I am looking to generate a third time axis based on the shorter time axis. so for this case I have to average the second file into 2 sec intervals ( taking into account missing data) Objective is to compare data 1 and data 2 from data set 1 and data set 2 at the same time stamps
Size of file1 is not equal to size of file 2
Upvotes: 2
Views: 7026
Reputation: 760
The best way for comparing the two sets of data is to time sync it.
x1=dlmread('C:\folder\yourfile1.txt');
x2=dlmread('C:\folder\yourfile2.txt');
t1 = x1(:,1);
tsr1=timeseries(x1,t1);
t2 = x2(:,1);
tsr2=timeseries(x2,t2);
% Sync 1 and 2
[new_ts12_1 new_ts12_2] = synchronize(tsr1,tsr2,'Uniform','Interval',1)
You can decide how you want to interpolate the data; the default is linear
Upvotes: 1
Reputation: 38052
You'll need to interpolate; you can use interp1
for your case.
Use like so:
new_data = interp1(times, [data1 data2 data3 ...], new_times)
your times
need not be sorted. new_times
is then the (equally-spaced) times you want values on.
This results in linear interpolation. You could do
new_data = interp1(times, [data1 data2 data3 ...], new_times, 'cubic')
to use a cubic interpolant.
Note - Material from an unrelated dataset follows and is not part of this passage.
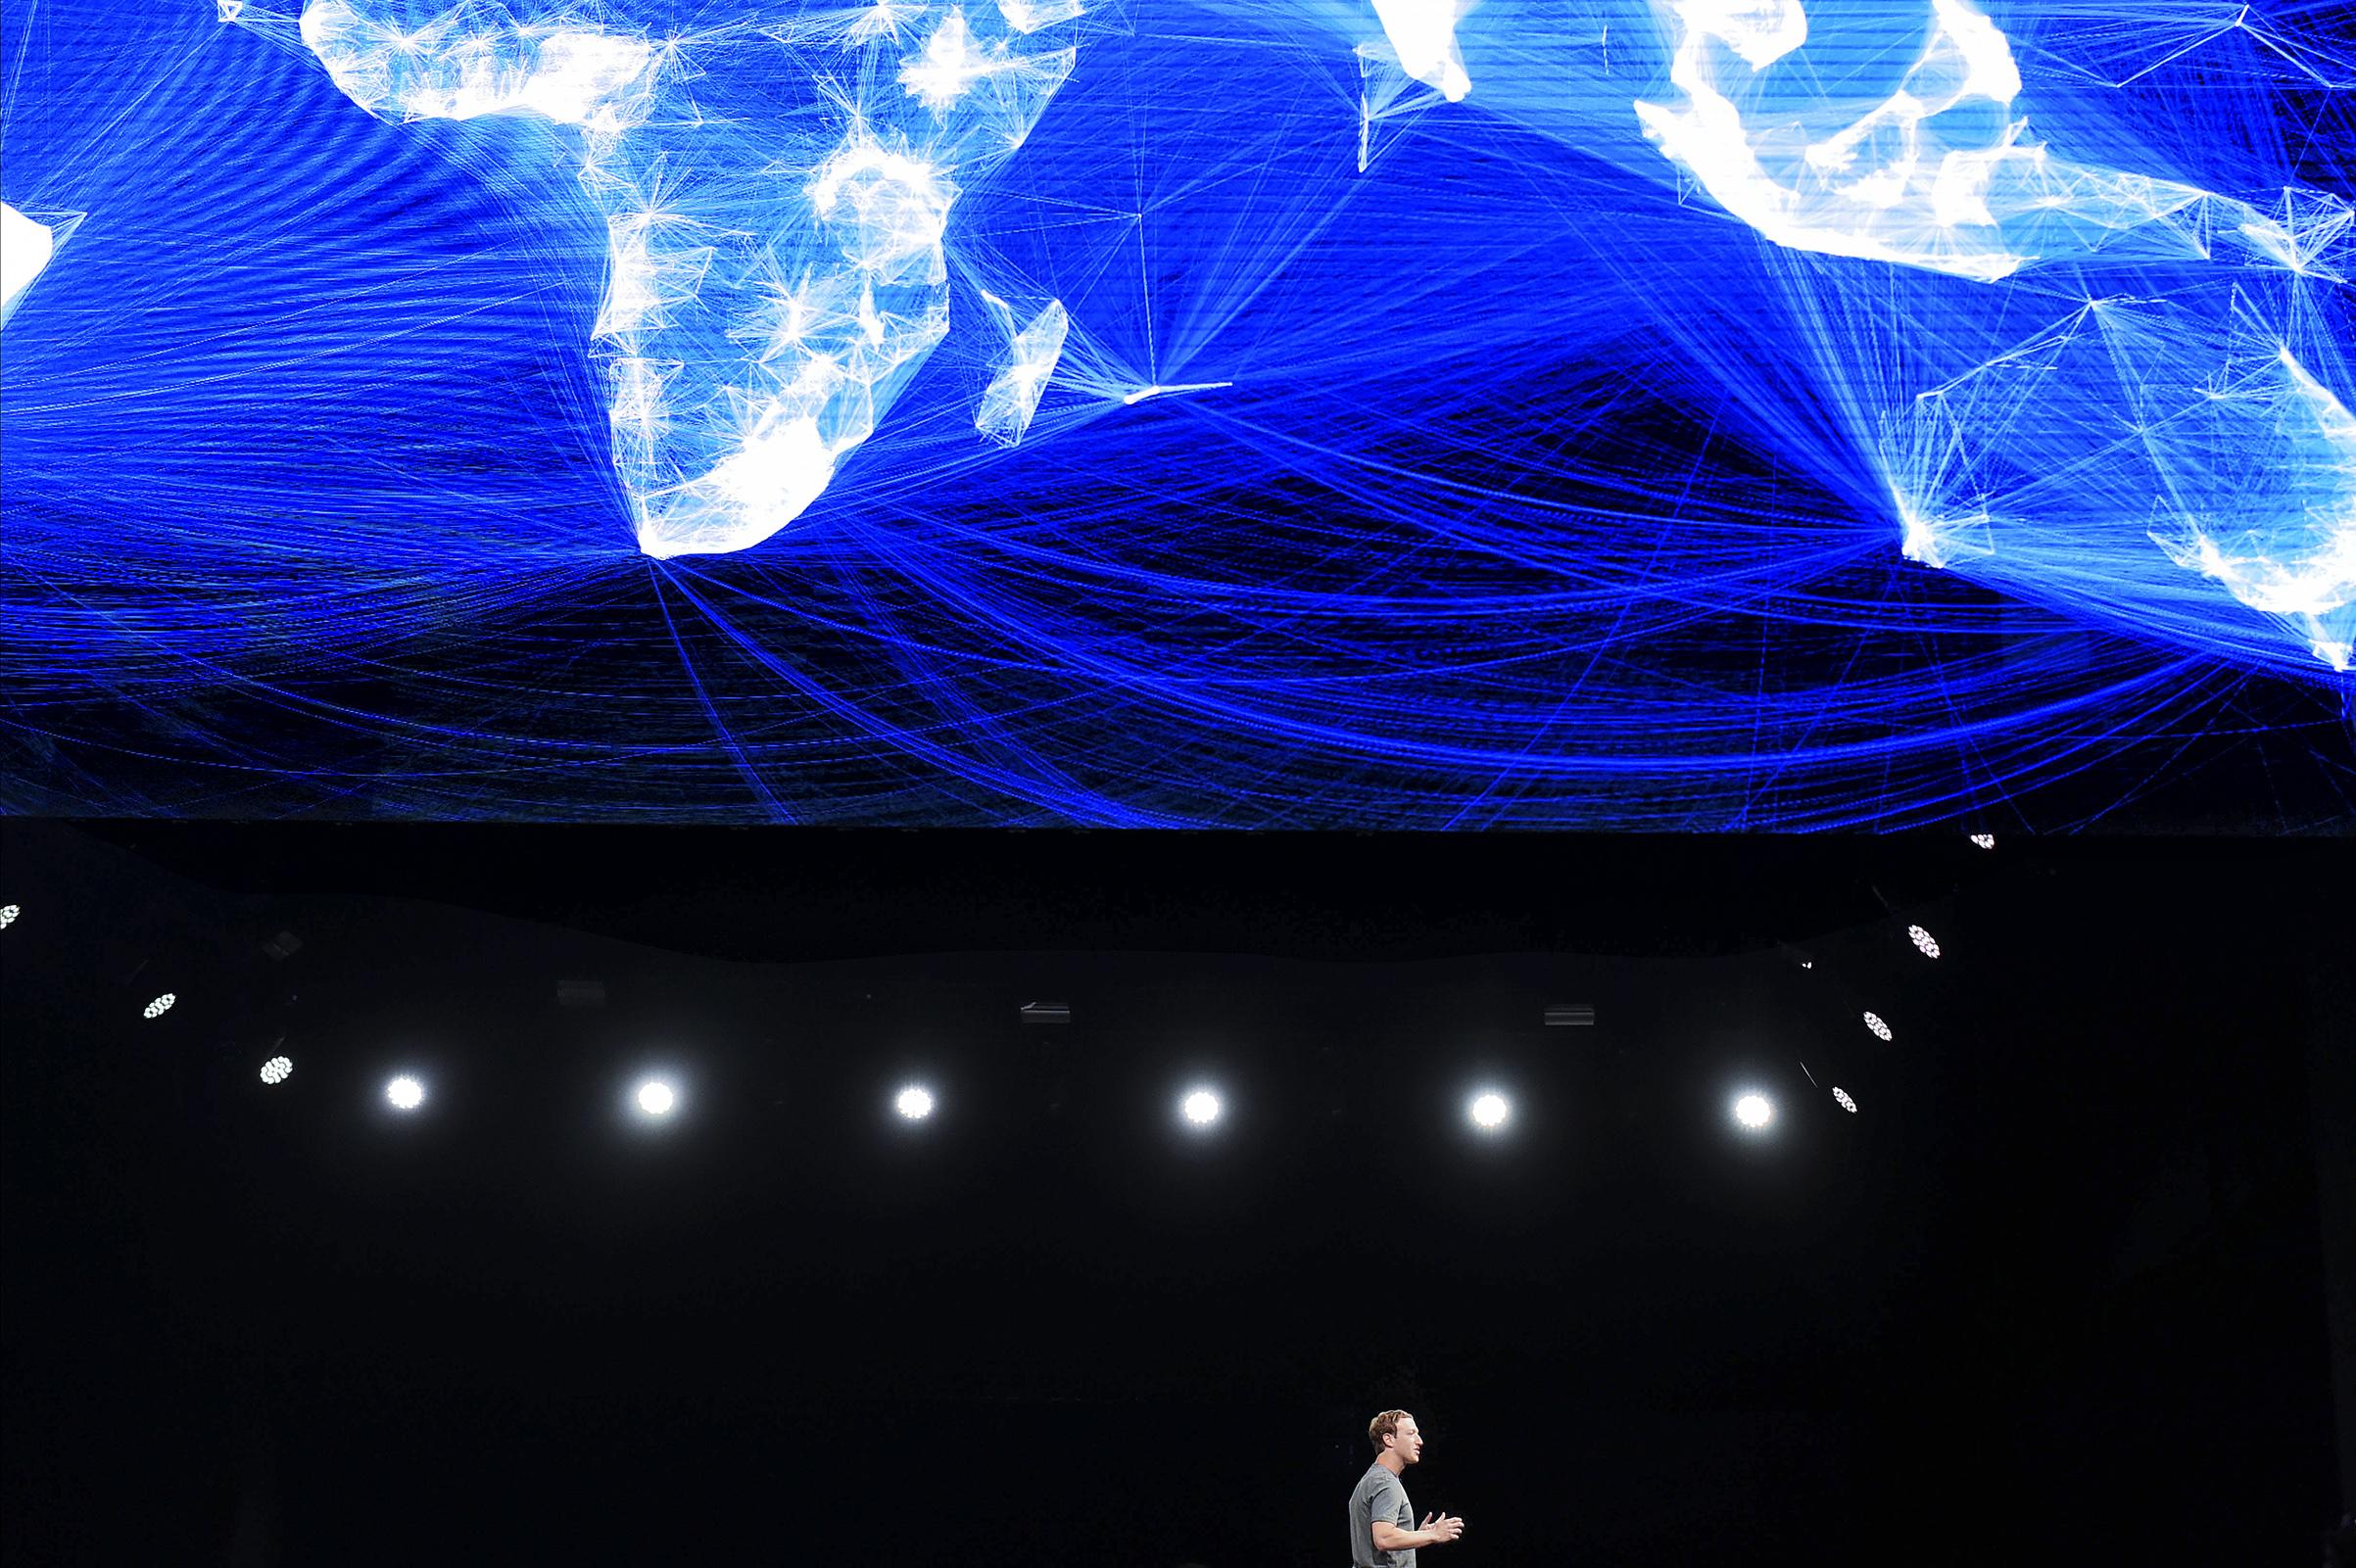 Facebook founder and CEO Mark Zuckerberg speaks during a presentation on Feb.21, 2016, inBarcelona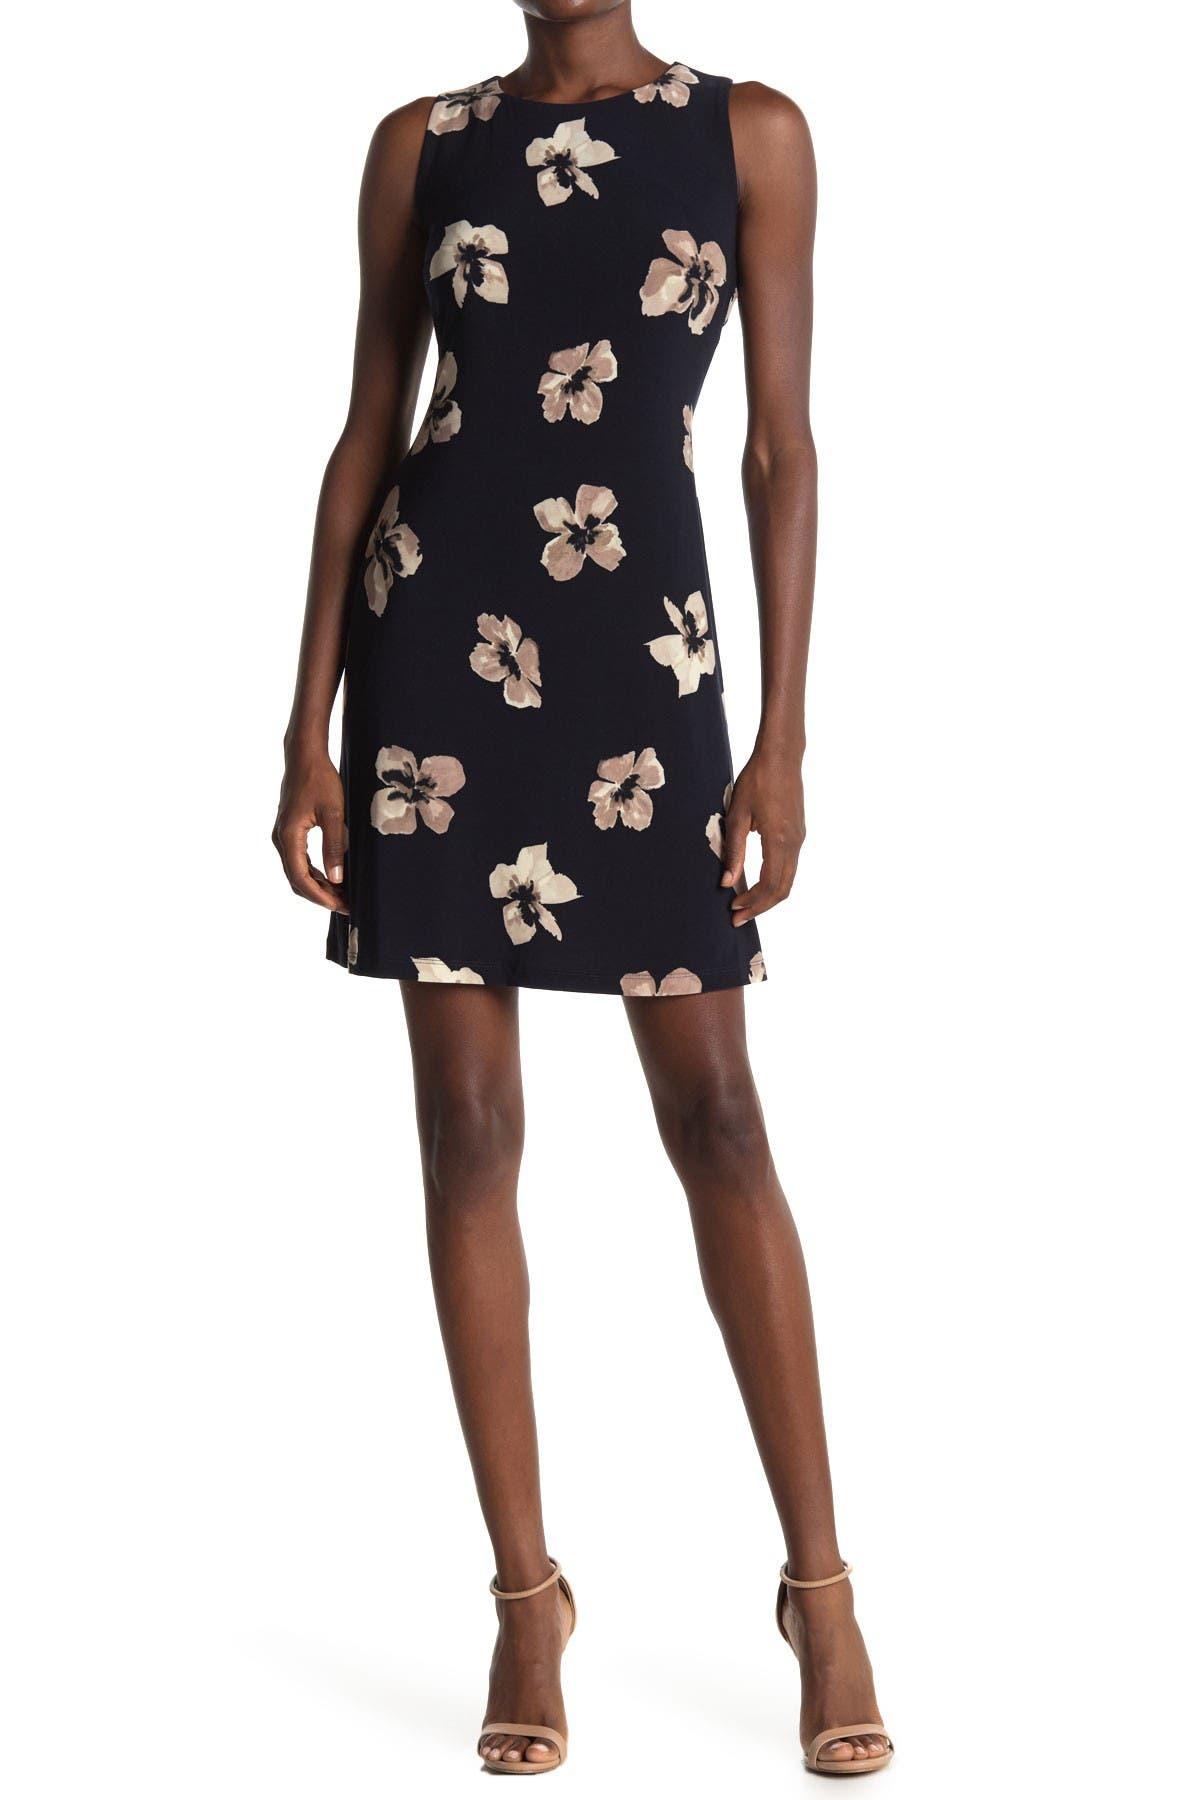 Image of Tommy Hilfiger Floral Sleeveless Jersey Shift Dress

See help interp1
for more information.
Note that new_data
will be size(new_times) x size([data1 data2 data3 ...])
.
EDIT:
So, for your case, this is how you'd use it:
% Your data sets
dataset_1 = {...
'12:19:00 PM 0.06875 0.1625 0'
'12:19:01 PM 0.06875 0.1625 0'
'12:19:02 PM 0.06875 0.1625 0'
'12:19:05 PM 0.06875 0.1625 0'
'12:20:06 PM 0.06875 0.15625 0'
'12:20:00 PM 0.06875 0.1625 0.02300251'
};
dataset_2 = {...
'12:00:00 PM 0.45875 0.1625 0'
'12:19:01 PM 0.06875 0.1625 0'
'12:19:01 PM 0.06875 0.1625 0'
'12:19:01 PM 0.06875 0.1625 0'
'12:20:00 PM 0.06875 0.15625 0'
'12:20:00 PM 0.06875 0.1625 0.02300251'
};
% (This step is probably not needed (or should be changed) if you're
% reading from file)
dataset_1 = cellfun(@(x) textscan(x, '%s%s%f%f%f'), dataset_1, 'UniformOutput', false);
dataset_2 = cellfun(@(x) textscan(x, '%s%s%f%f%f'), dataset_2, 'UniformOutput', false);
% Extract & convert times
times_1 = cellfun(@(x) datenum( [x{1}{1} x{2}{1}] ), dataset_1);
times_2 = cellfun(@(x) datenum( [x{1}{1} x{2}{1}] ), dataset_2);
% Prepare the data for interpolation
dataset_1 = cellfun(@(x) [x{3:end}], dataset_1, 'UniformOutput', false);
dataset_1 = cell2mat(dataset_1);
dataset_2 = cellfun(@(x) [x{3:end}], dataset_2, 'UniformOutput', false);
dataset_2 = cell2mat(dataset_2);
[times_12, inds] = unique([times_1; times_2]); % (must use distrinct times)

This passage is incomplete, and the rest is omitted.